Poco más hay que hablar que no se sepa de El cuento de la criada. El boom de la irreverente novela de Atwood escrita en 1985 y alentada por la serie de HBO hace apenas dos años ha hecho que la espera haya sido eterna para saber cómo la autora seguía hincando el diente en esa sociedad ficticia y un tanto profética que nos hizo estremecer. Reconozco mi ambivalencia entre esta espera y el pensar que mejor no seguir leyendo sobre Gilead, por si la magia y el zarpazo de la primera novela acababa esfumándose en Los testamentos. Dos días después de terminarlo sigo valorando el resultado. No puedo confirmar ni que la magia continúe ni que se haya esfumado, todo ha quedado en un limbo literario y emocional difícil de explicar, pero al menos quiero contaros las impresiones que me ha dejado la secuela más esperada de la temporada.

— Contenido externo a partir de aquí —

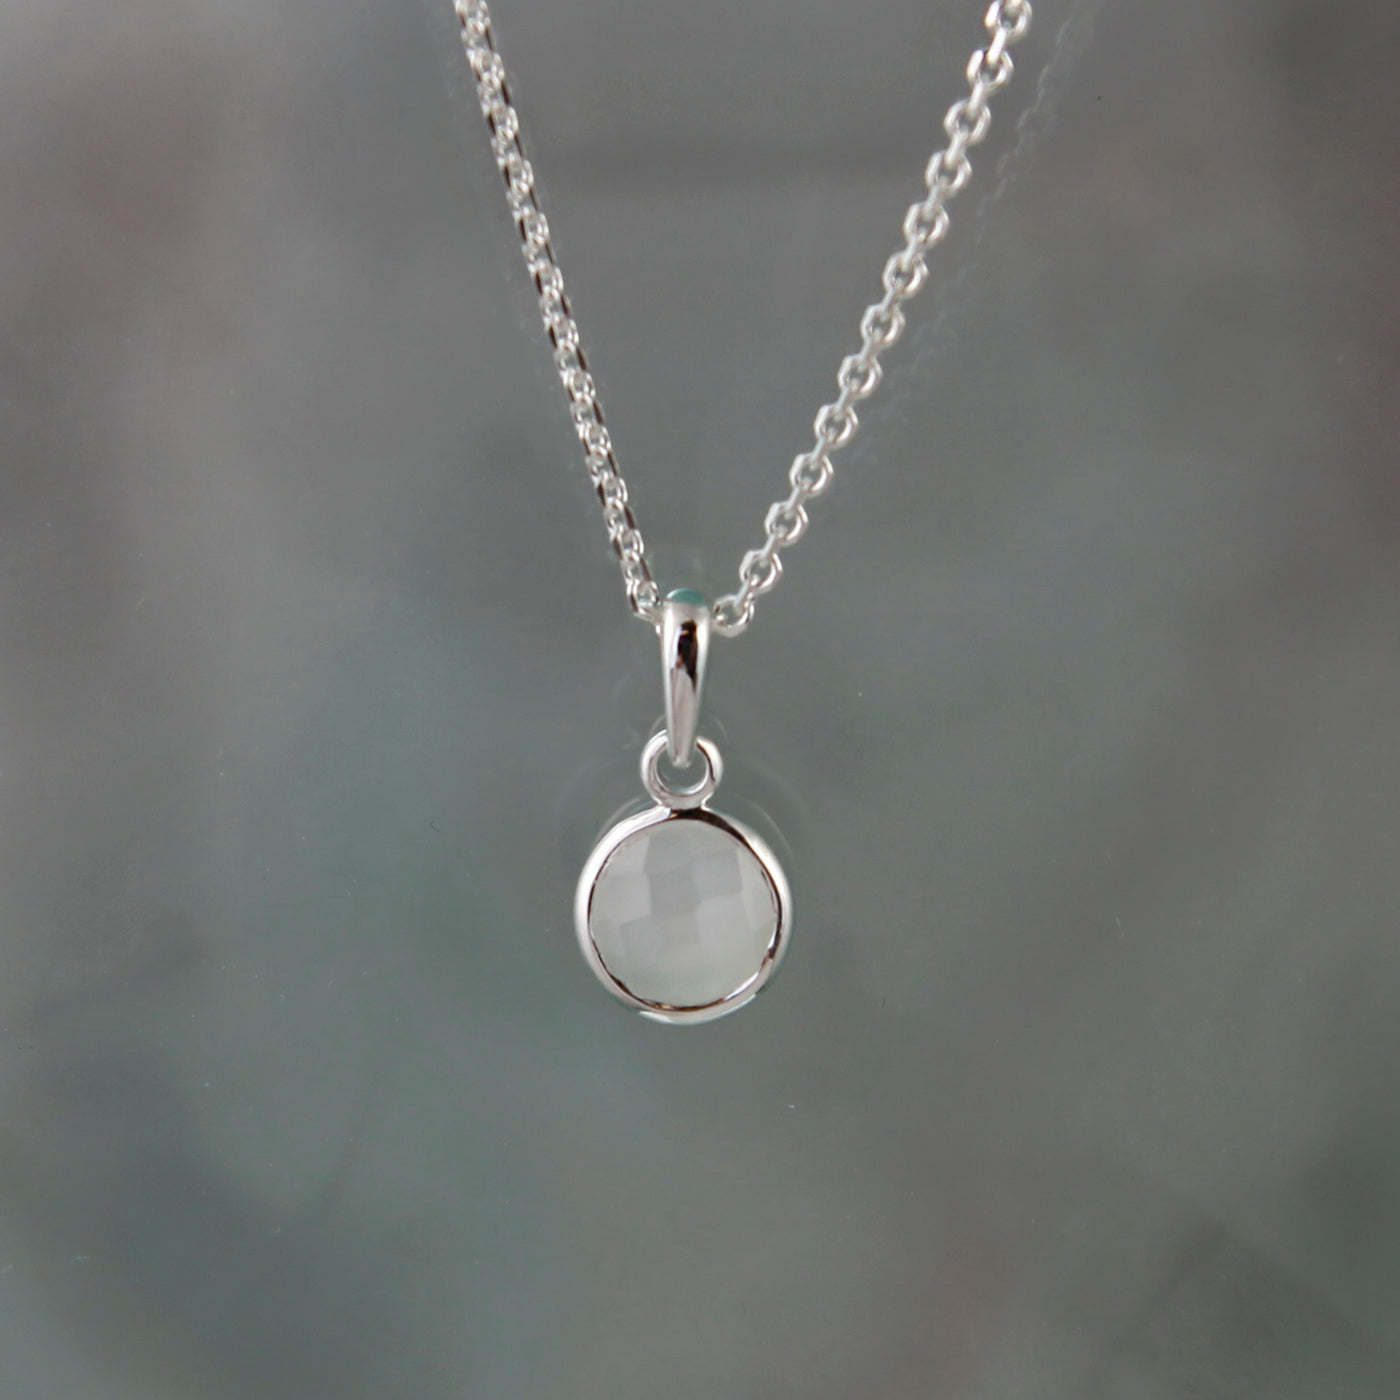 Staged Shot of Silver and Moonstone Maya Pendant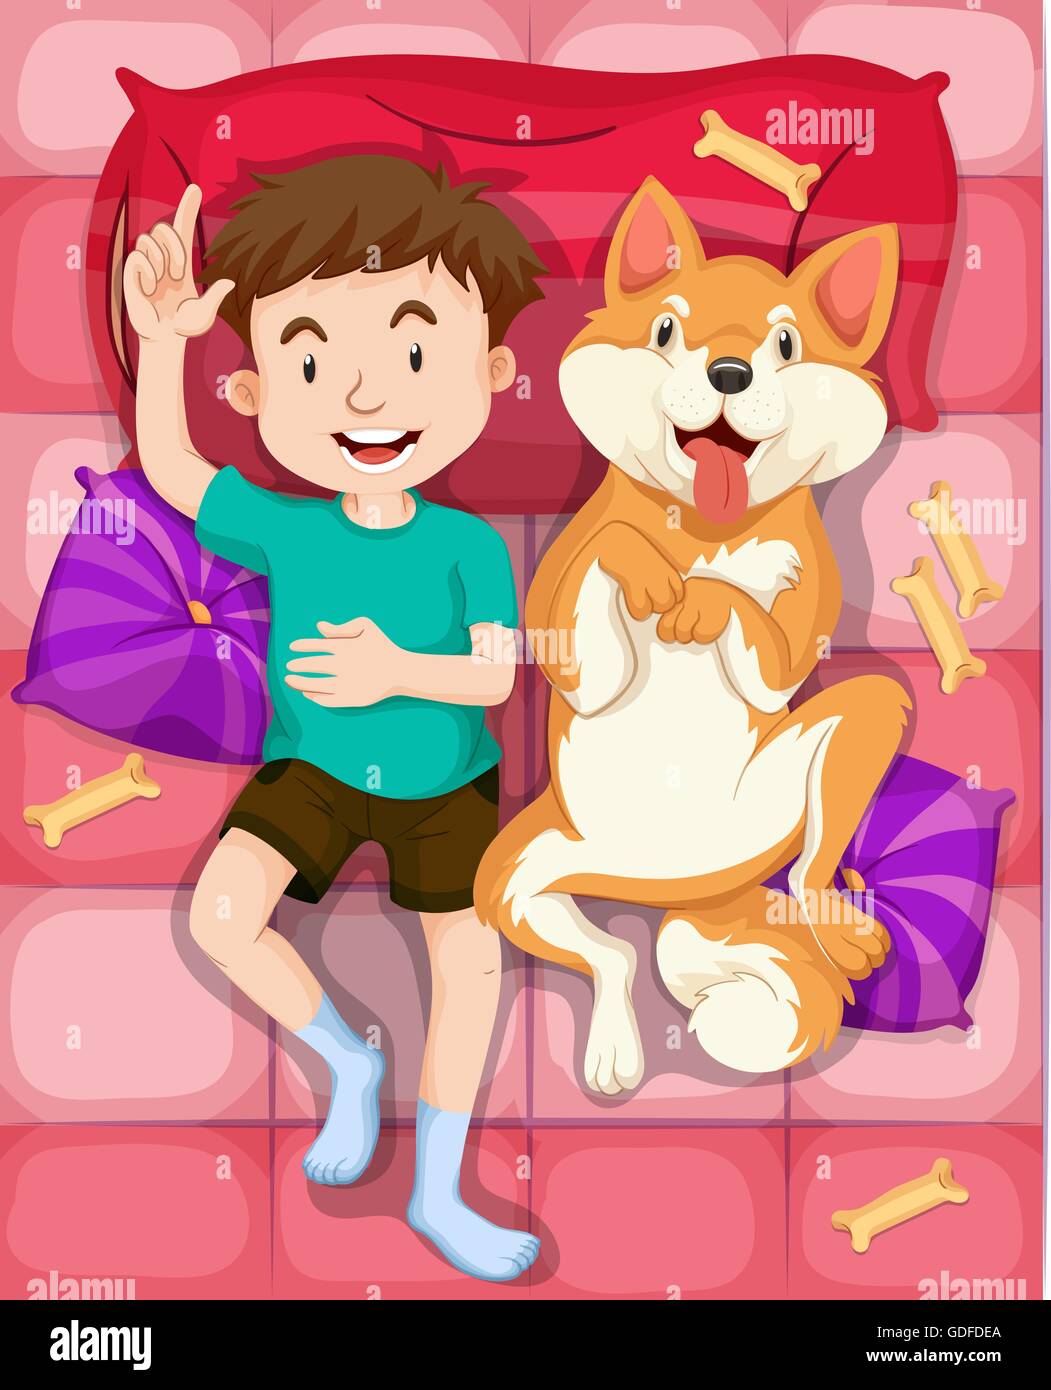 Boy and pet dog sleeping on bed illustration Stock Vector

En El cuento de la criada la narración de la criada Defred, protagonista absoluta de la historia, nos fue más que suficiente para adentrarnos en la República de Gilead y alterarnos todos los sentidos y los miedos sin un despliegue narrativo exagerado ni una trama rocambolesca. Será porque todo lo que leímos no estaba tan alejado de ciertos temores cada vez más palpables en nuestro mundo. En Los testamentos las directrices narrativas cambian y no poco. Han pasado quince años desde que cerramos la historia con Defred entrando en aquella furgoneta que dejaba abierto cualquier final imaginable. Ahora la historia la escriben tres voces femeninas, una chica adolescente fruto de la República de Gilead, hija de un Comandante y su esposa , aunque biológica de una criada, tal y como establecen sus leyes. Ha sido educada para ser la esposa de otra figura importante de los altos mandos giledianos y continuar con la labor de esa sociedad. La segunda voz la pone otra chica canadiense que ve desde fuera de sus fronteras lo que Gilead hace con sus ciudadanos, protesta contra ello y formará parte de manera significativa en el futuro de la teocracia. Para mí el personaje menos atractivo auque su papel sea fundamental en la trama. Pero si por algo merece la pena leer Los testamentos es por Tía Lydia. Con ella, Atwood nos devuelve a los mejores momentos de la primera novela, a esas emociones dolorosas, a esas situaciones despiadadas y ese corazón helado y egocéntrico que también se tambalea, propio de las entrañas de Gilead. Tía Lydia es una especie de madre superiora con poder absoluto en nombre de Dios que sabe manipular hasta a los mayores mandos masculinos de Gilead, (no olvidemos que allí los hombres están muy por encima de las mujeres en todo los aspectos). Su estrategia de supervivencia y objetivo vital construye toda la trama de la novela, mucho más ambiciosa y compleja que en la primera parte, aunque con menos impacto y «puñetazo en el estómago». Podemos decir que este libro está escrito más a favor de la propia historia y su resolución, menos rebuscar en las tripas de esa sociedad y las de sus lectores. Más orientada a la aventura y con menos brillo en Gilead, aunque el mensaje de referencia siempre está presente.
Tal y como escribo estas líneas creo que mi conclusión es que sí merece la pena leer Los testamentos por varias cosas ineludibles que no os podéis perder, pero no esperéis ni el asombro, ni la emoción ni el desgarro de la primera vez. Posiblemente nunca, nada, es como la primera vez. Bienvenidos a Gilead.